The one story element that carries through all of these is rising tension between two of the clans, and a mob war that breaks out as a result. In nearly every storyline characters are required to take sides. The fifth story is about a meek and skittish middle-aged payoff man, who's spent his life distributing funds to people who the clan owes money — for years of service, for silence, for taking the fall and doing time. More than anyone else, he sees the war from the front lines, walking those lines every day as he makes his rounds with wads of cash to distribute. As the tensions rise, he seems to become more and more unpopular: the payoffs are never enough, everyone in the housing projects he services (which are some of the most depressingly dank concrete slums you've ever seen on film) are becoming more and more impatient with the state of life here.

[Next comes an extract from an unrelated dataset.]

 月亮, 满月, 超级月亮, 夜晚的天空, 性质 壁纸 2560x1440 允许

Despite its disjointed structure, Gomorrah comes to a narrative convergence without ever actually having to bring its stories together. Each climaxes independently, yet it all feels like one piece. That's most likely a result of the outcomes all serving the overall fabric that makes up the movie. In this land of self-serving criminality, there is little hope. Sometimes the wicked die, sometimes they live a little longer, but those foolish enough to try to exercise the barest hint of virtue are sure to be singled out as the weakest and picked off. Choice between a life with or apart from the crime doesn't really exist here. The only choice is whether to survive or not, and the only poor character traits are weakness and naivete. The whole thing is deceptively slipshod; its journalistic, quasi-documentary style obscures the fact that it's meticulously constructed. There is one scene in which desperate junkies are framed to look like rats in a cage clamoring for a feeding as their fixes are distributed. Highly choreographed scenes such as this one blend seamlessly with the fast and loose shooting of the rest. Gomorrah is a stark, sobering, and frankly scary mob film that reinvents the genre.

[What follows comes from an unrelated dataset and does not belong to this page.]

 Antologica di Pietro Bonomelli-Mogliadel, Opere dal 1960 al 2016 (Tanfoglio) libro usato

Opens today at Bethesda Row Cinema.



One of my Top 10 gangster movies: Minbo. A story so good it got the director's ass killed by the yakuza. Take that, Mr. Scorcese.

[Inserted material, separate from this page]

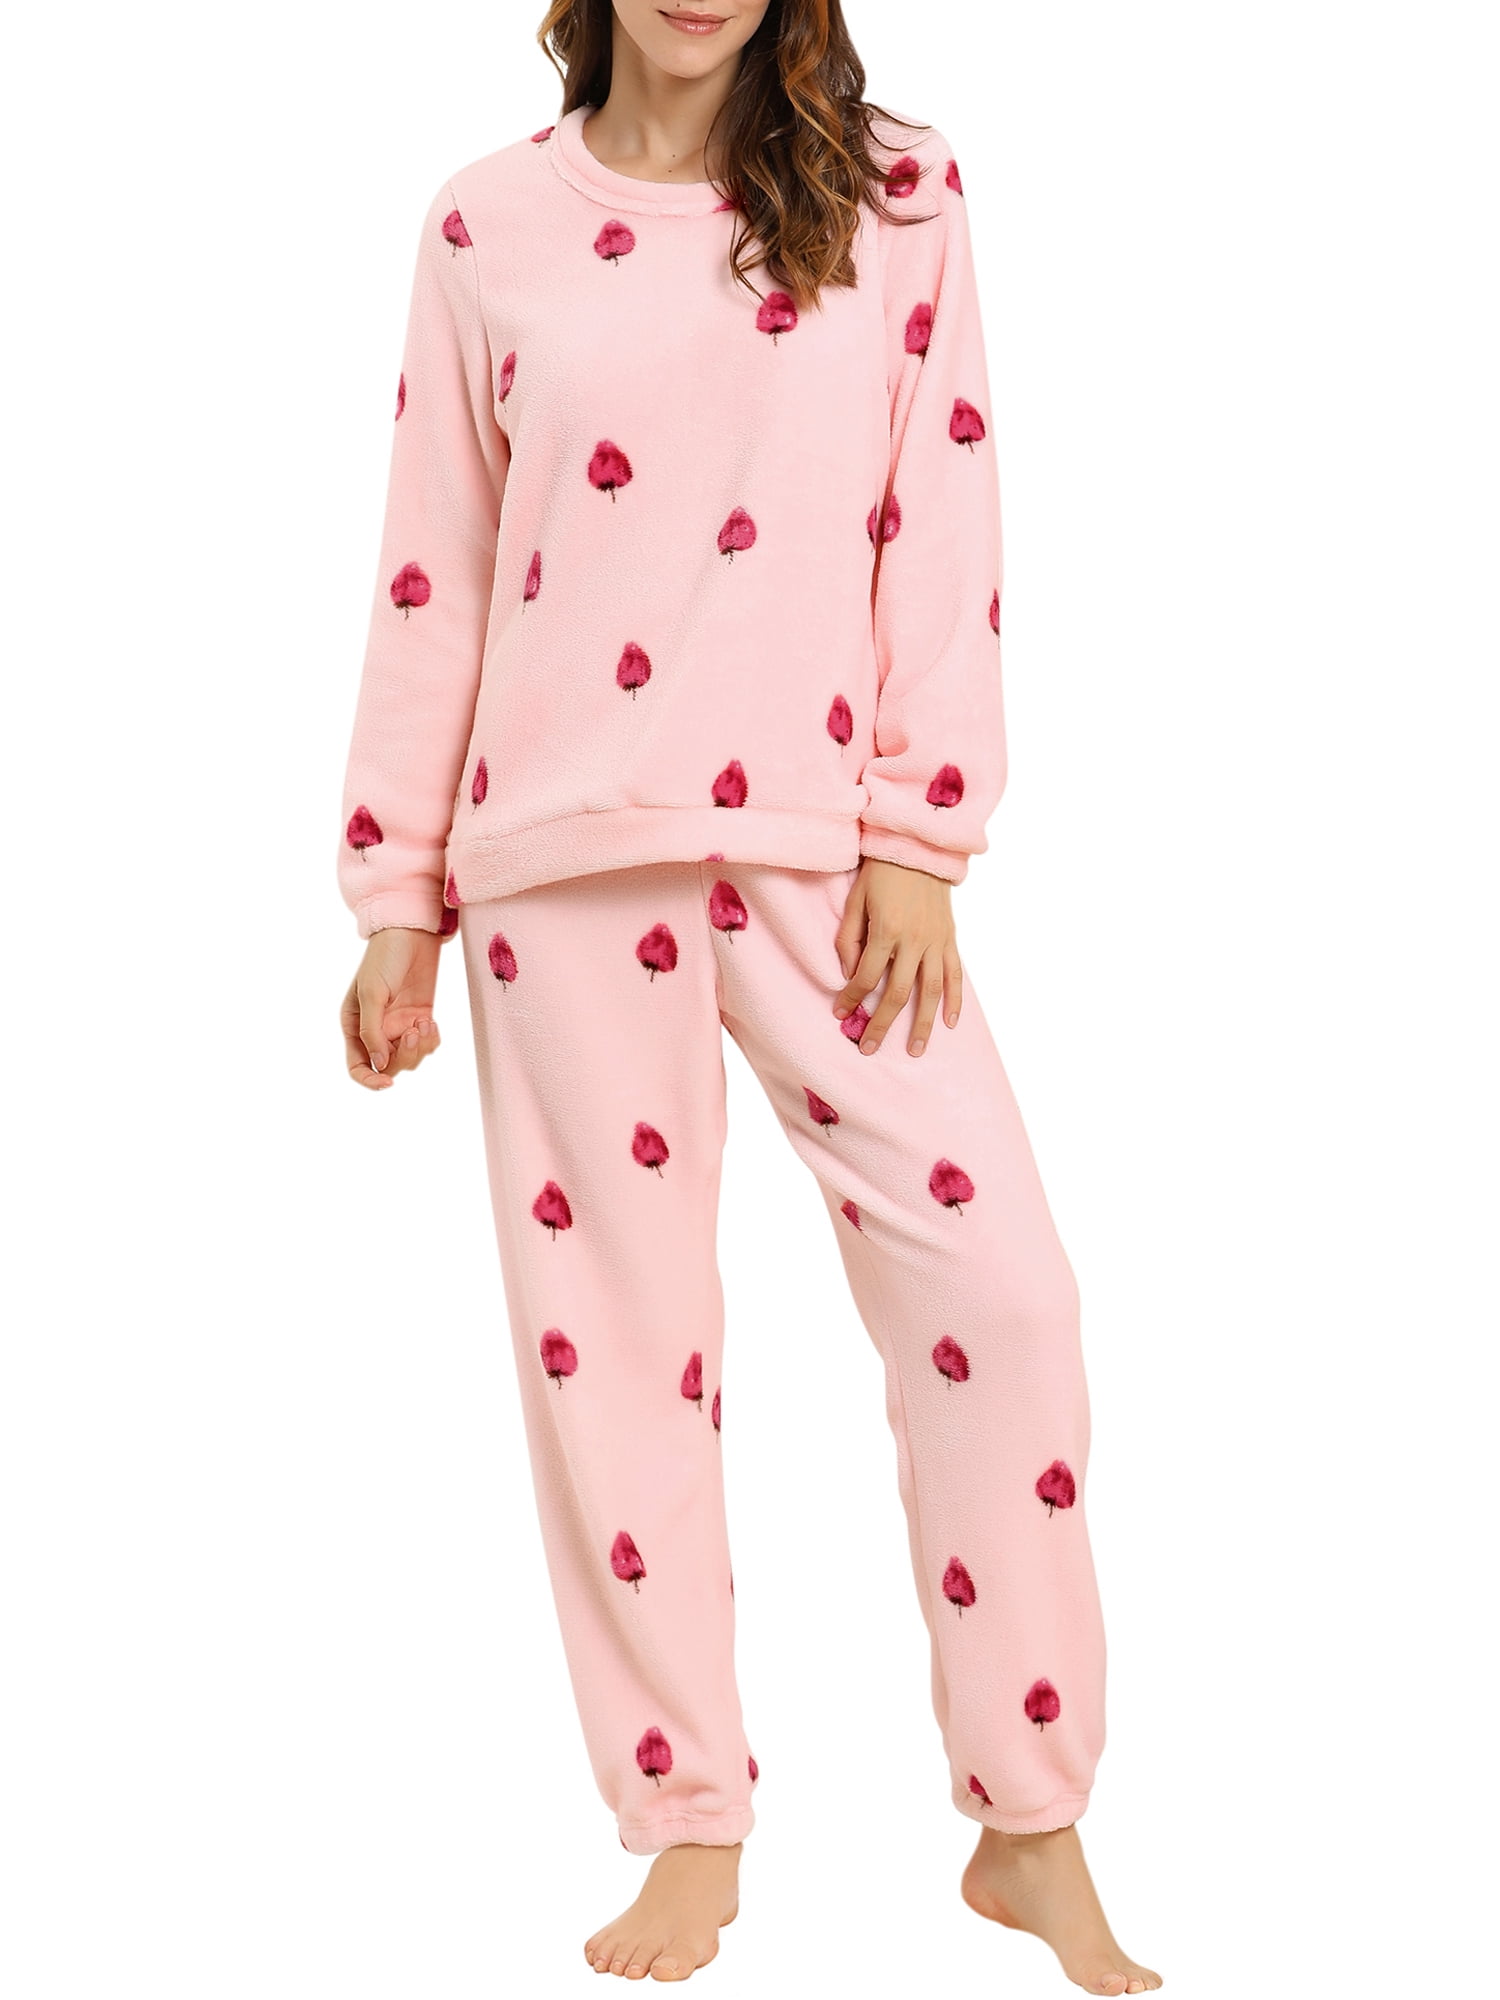 Unique Bargains Women's Winter Loungewear Sleepwear Flannel Pajama Set

The Wiki page you linked to said the director lived through the attack.
I saw the trailer for Gomorrah last night when I went to go see "The Wrestler" and I was riveted. It will be good to see the last vestiges of the romanticized Godfather myth of honorable men in a dishonorable business stripped from the Mafia.
Itami later died under suspicious circumstances. And his family has refused to comment on the matter.
Given the strictures of Japanese society, neither circumstance proves that the yakuza were involved in his death.
The family would not have commented no matter what, that's just the way it is in Japan.
Convenient, no? Instead of snitches get stitches, it's snitches get pushed out of windows. DC's thuggee crews could learn a thing or two from the Poisoned Fists of the Pacific Rim.